Studio album by Arash
- Released: 2008
- Recorded: 2008
- Genre: Persian pop, hip hop, R&B, reggaeton, dance music, house
- Length: 42:32
- Label: Warner Music Scandinavia (WEA)

Arash chronology
| Crossfade (The Remix Album) (2006) | Donya (2008) | Superman (2014) |

= Donya (album) =

Donya (دنیا) is the second studio album by Iranian-Swedish pop singer Arash. It was released in 2008.

Singles from this album were "Chori Chori", "Suddenly", "Kandi", "Donya", "Dasa Bala" and "Pure Love".

== Track listing ==
1. "Intro"
2. "Donya" (feat. Shaggy)
3. "Suddenly" (feat. Rebecca)
4. "Miduni Midunam"
5. "Kandi" (feat. Lumidee)
6. "Pure Love" (feat. Helena)
7. "Naro"
8. "Chori, Chori" (feat. Aneela)
9. "Laf, Laf"
10. "Joone Man"
11. "Tanham"
12. "Doset Nadaram"
13. "Dasa Bala" (feat. Timbuktu, Aylar & Yag)
14. "Donya" (Payami Break Mix) (feat.
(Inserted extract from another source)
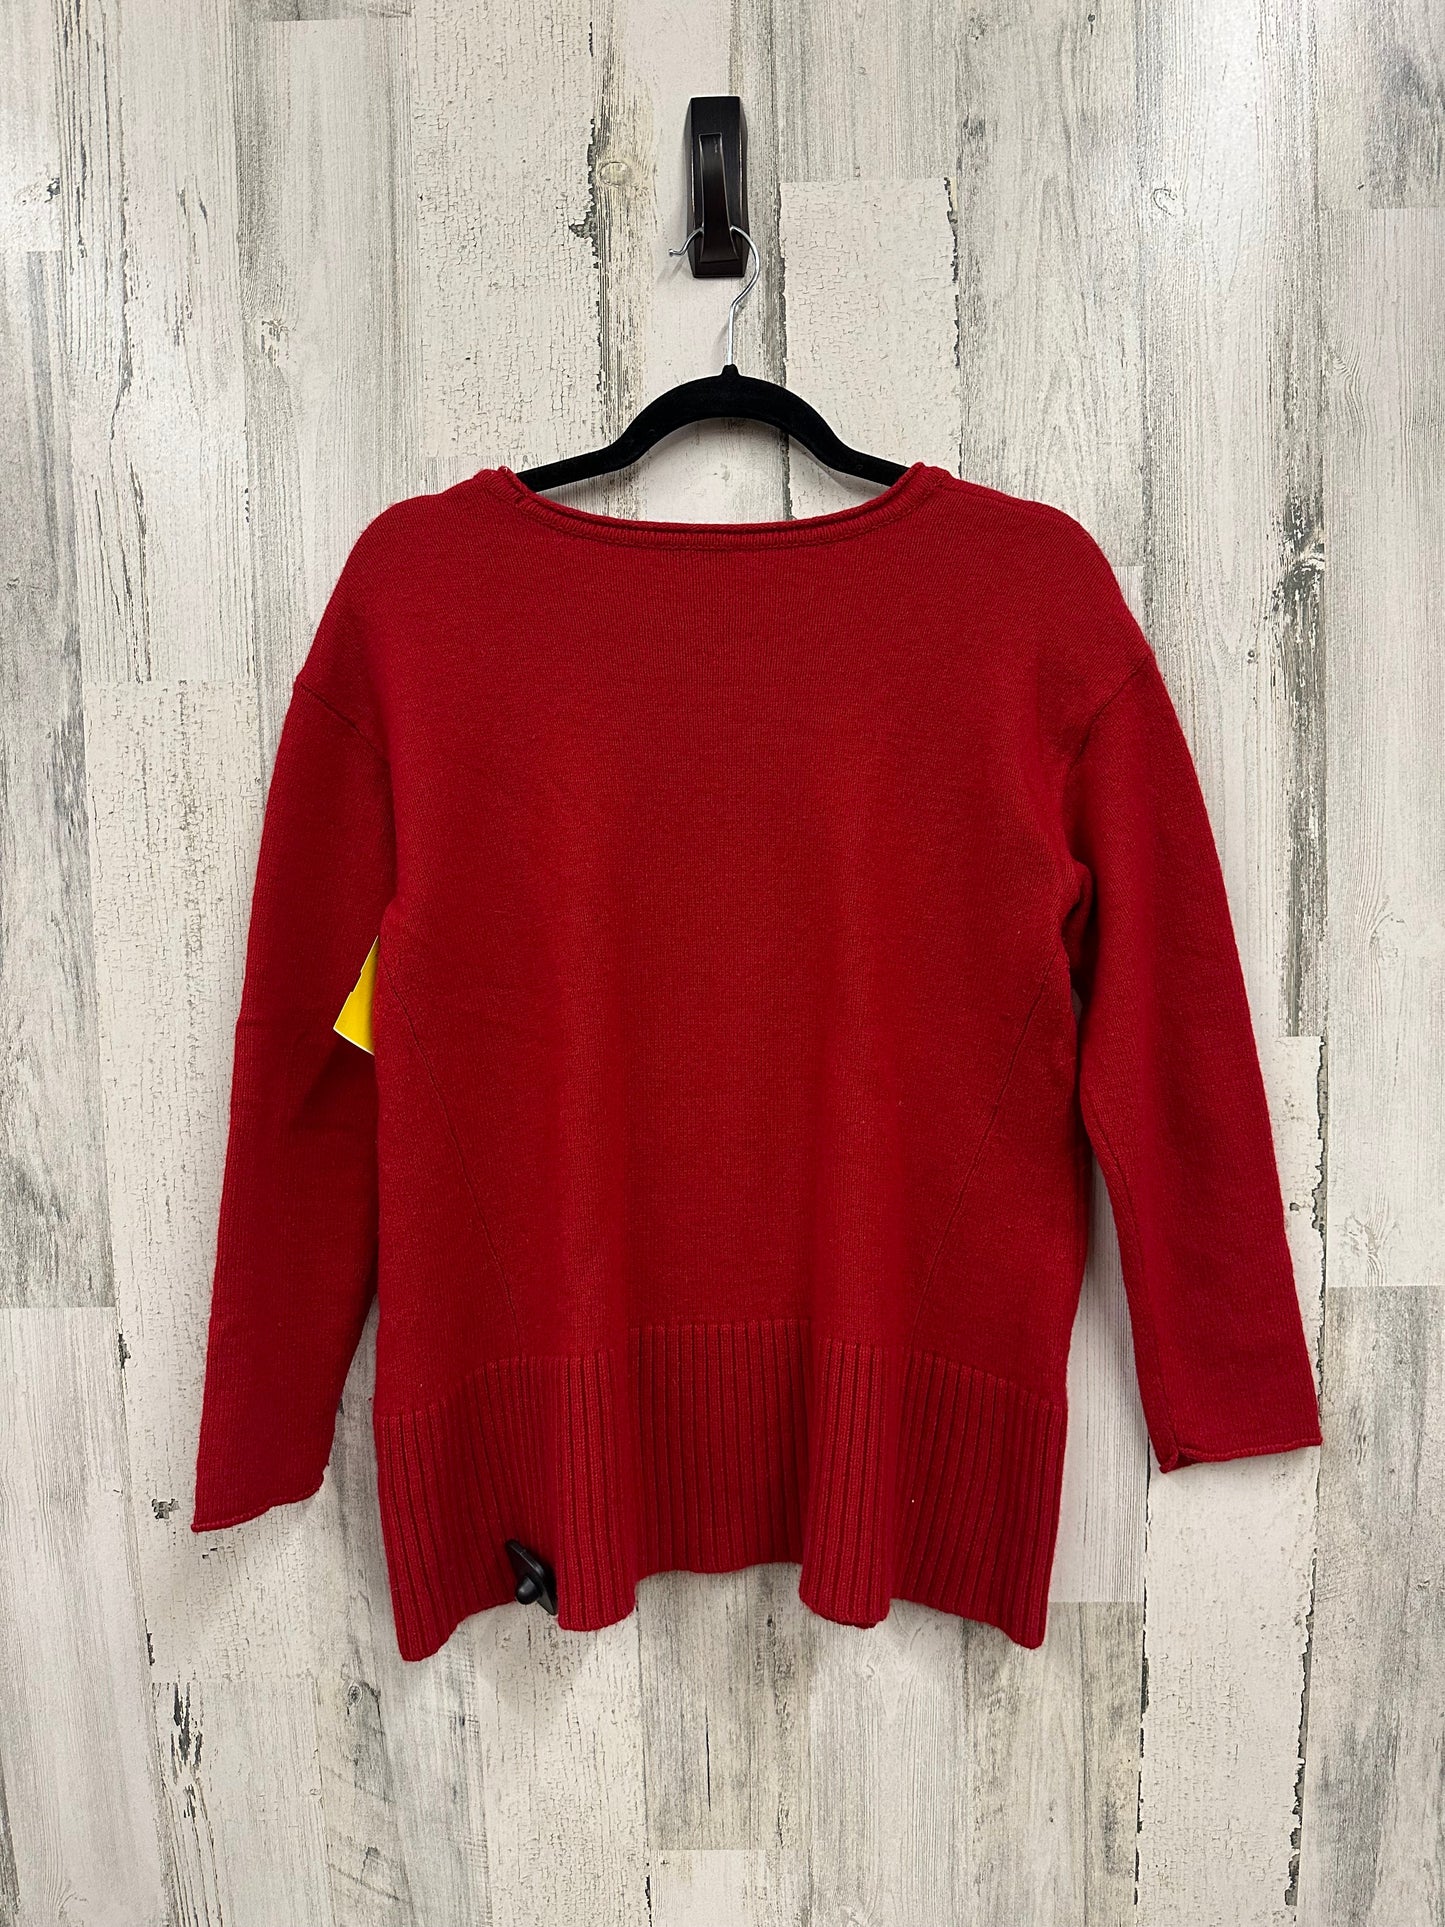 Sweater By J Jill  Size: M
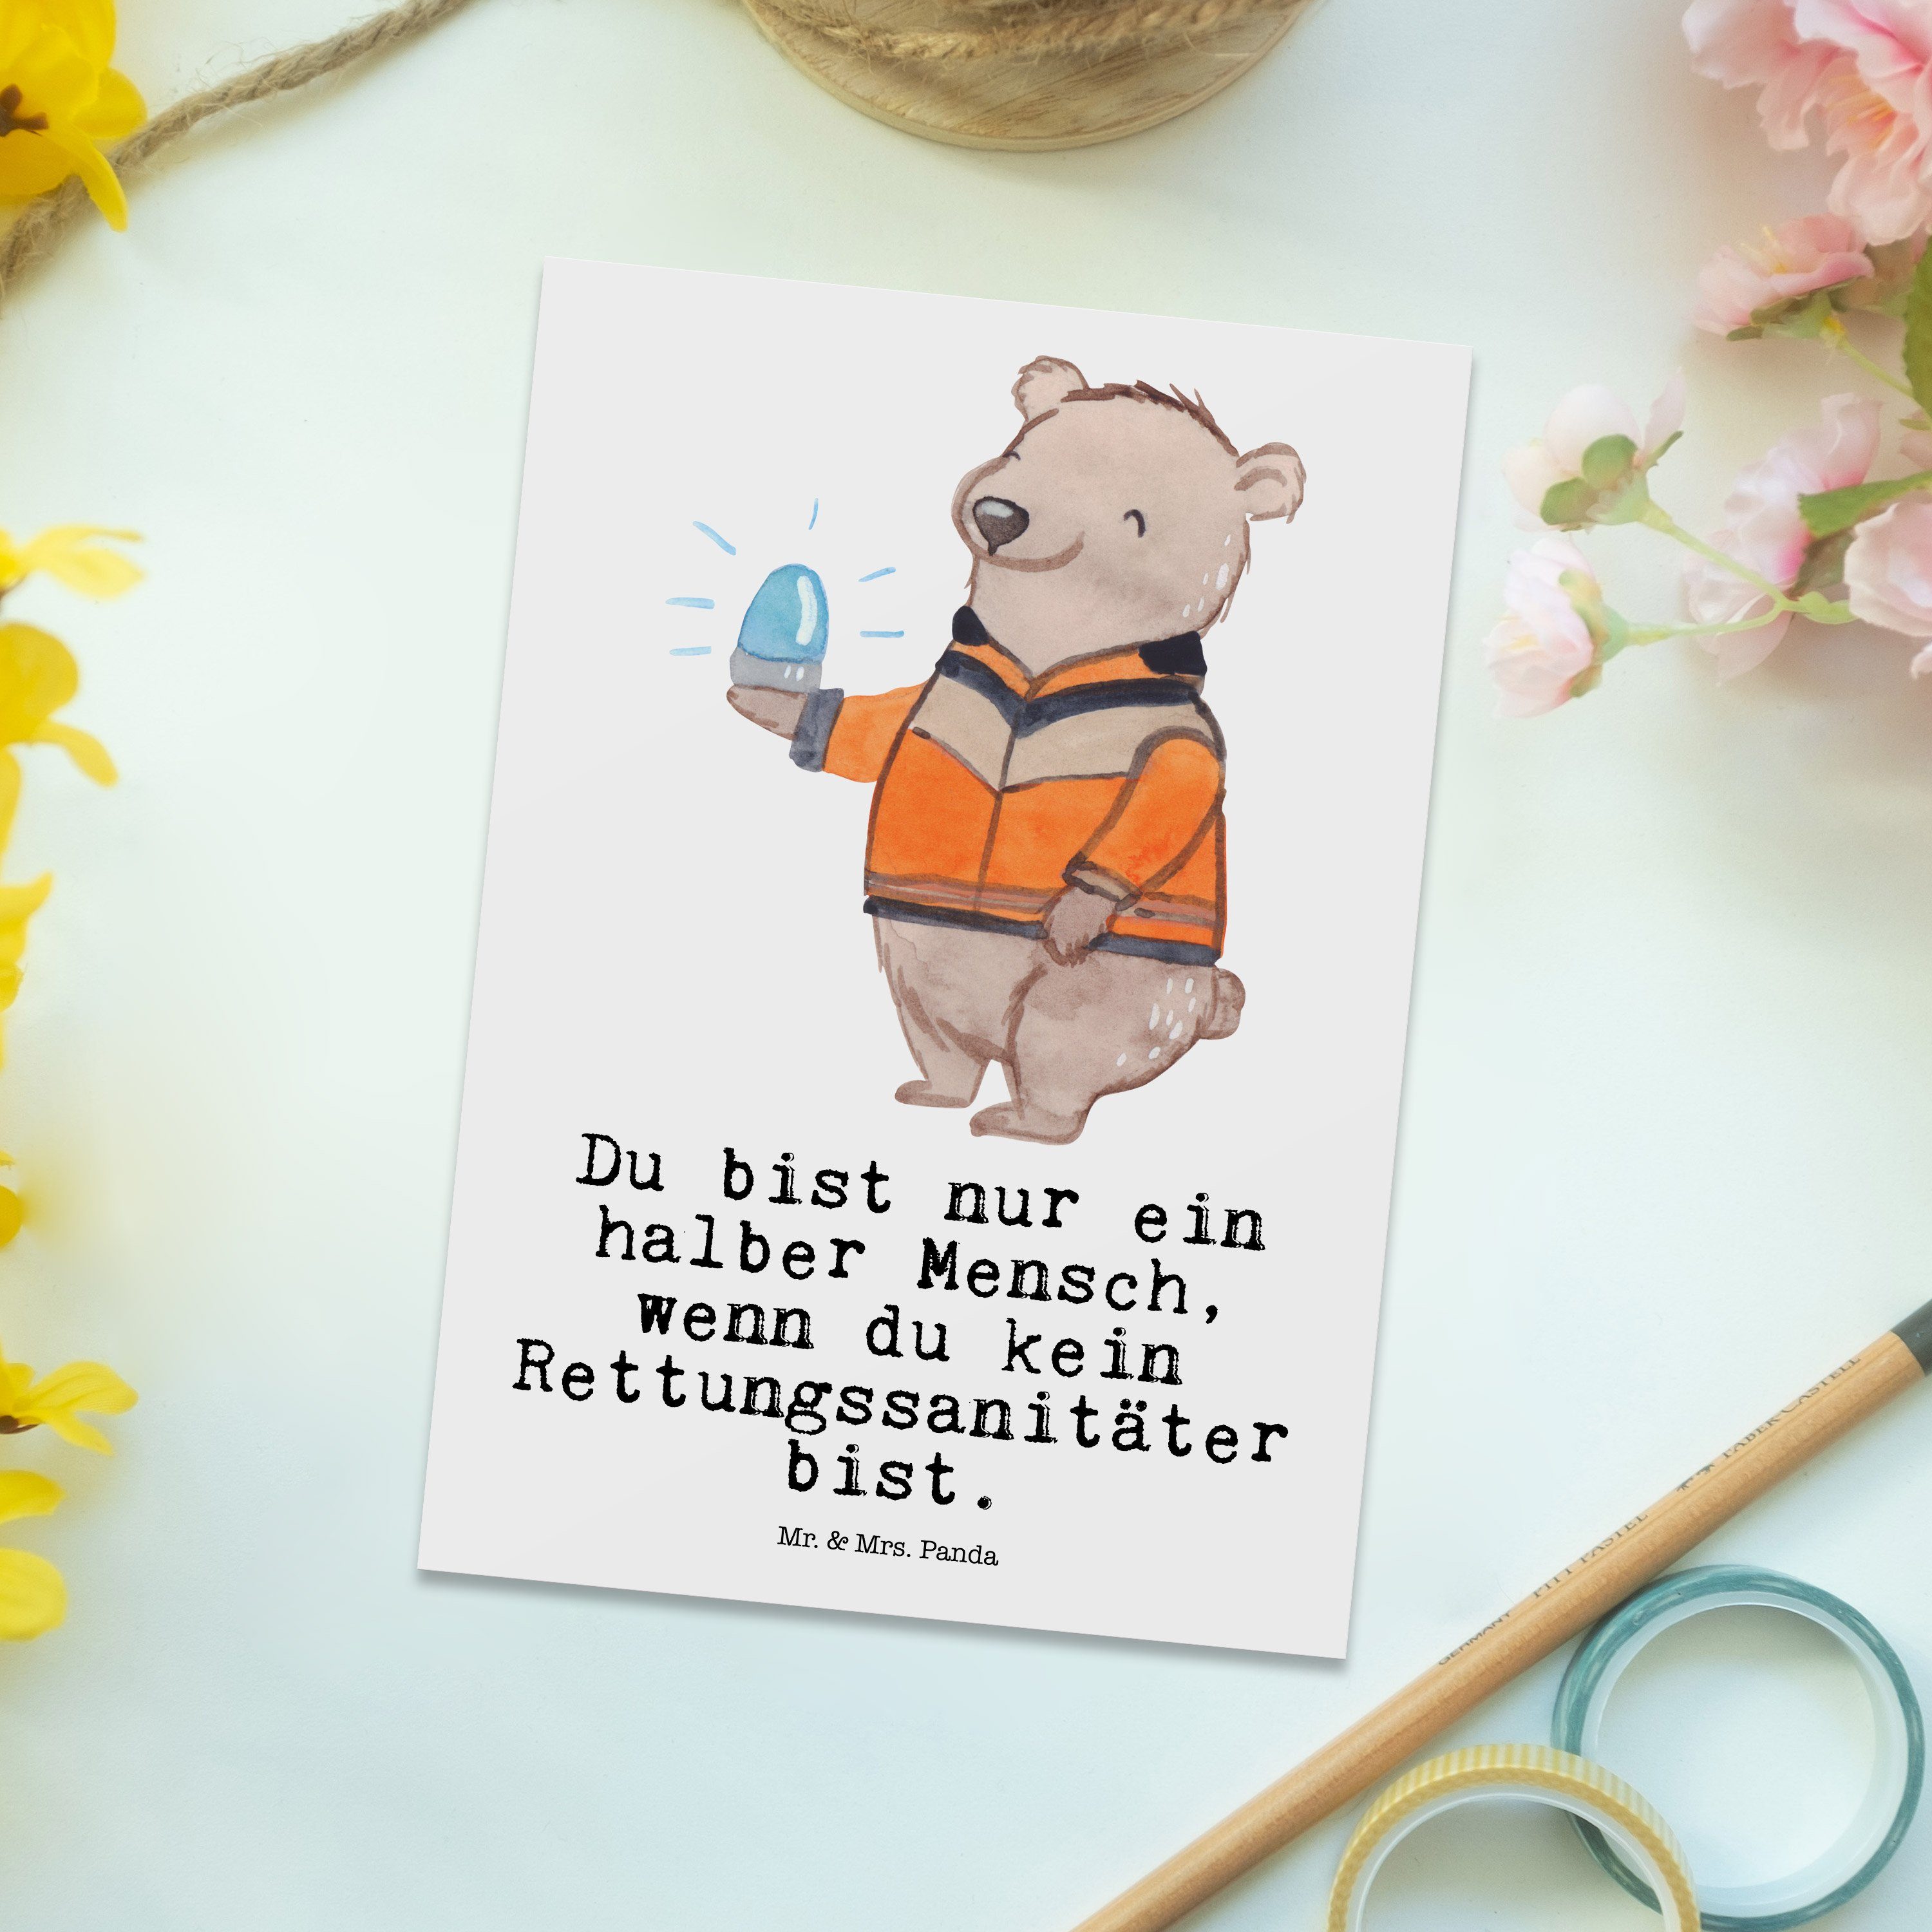 Mr. & - Dankeschön, Panda - Abschied, Postkarte E Herz Weiß mit Geschenk, Rettungssanitäter Mrs

Shaggy)

==Charts==

Weekly chart performance for Donya
| Chart (2008) | Peak position |
|---|---|
| Sweden (Sverigetopplistan) | 48 |
| Poland (ZPAV) | 23 |

==Certifications==

Certifications and sales for Donya
| Region | Certification | Certified units/sales |
| Poland (ZPAV) | Gold | 10,000^{*} |
^{*} Sales figures based on certification alone.